I recently bought my first fiber network card, the Mellanox ConnextX-4 Lx EN for my PC and two SFP28 modules from fs.com to connect with my Mikrotik CCR2004 router. Not sure if it matters but the cable I used is a 40m Lightwin Singlemode OS2 Duplex Patch Cable 9/125μm with LC-LC plugs. After I plugged everything in, the network interface immediately appeared… but tells me that the “Cable is unplugged”.
First i thought it is a cable issue so I double-checked that everything is correctly plugged in (the transceivers, the network card, the cables) and also swapped the cable because I had a second one which is working (and used to connect a Ubiquiti Aggregation Switch).
My next thought was that maybe one of the SFP28 modules is broken but the Mikrotik Router detects both of them when plugged in.

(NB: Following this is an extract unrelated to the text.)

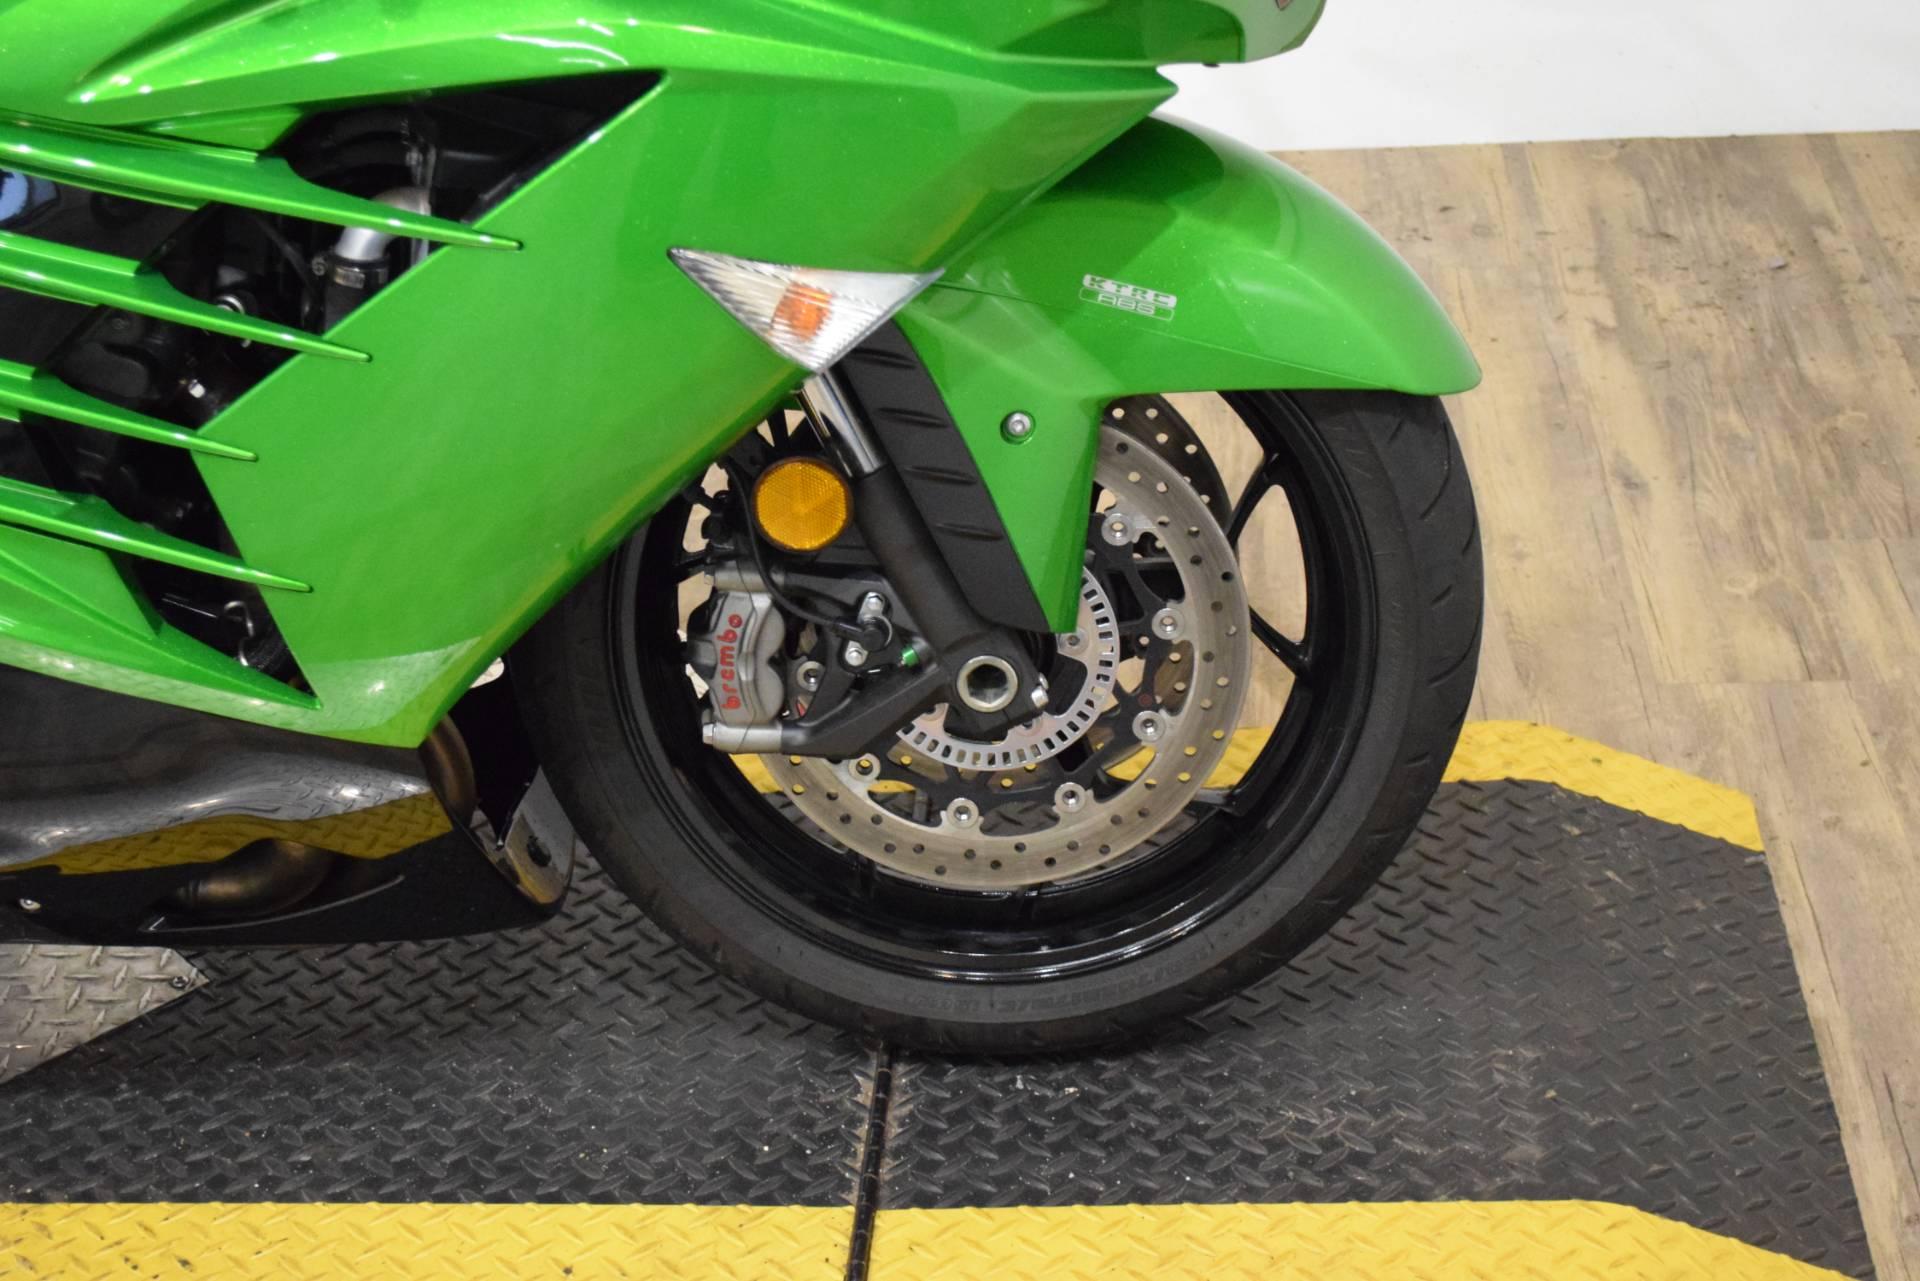 2017 Kawasaki Ninja Zx 14r Abs Se In Wauconda Illinois

I can also see their presence on my PC when using ethtool or mlxlink:
$ mlxlink -d 26:00.0 -m -e -c
Operational Info
----------------
State : Polling
Physical state : ETH_AN_FSM_ABILITY_DETECT
Speed : N/A
Width : N/A
FEC : N/A
Loopback Mode : No Loopback
Auto Negotiation : ON
Supported Info
--------------
Enabled Link Speed : 0x38007013 (25G,10G,1G)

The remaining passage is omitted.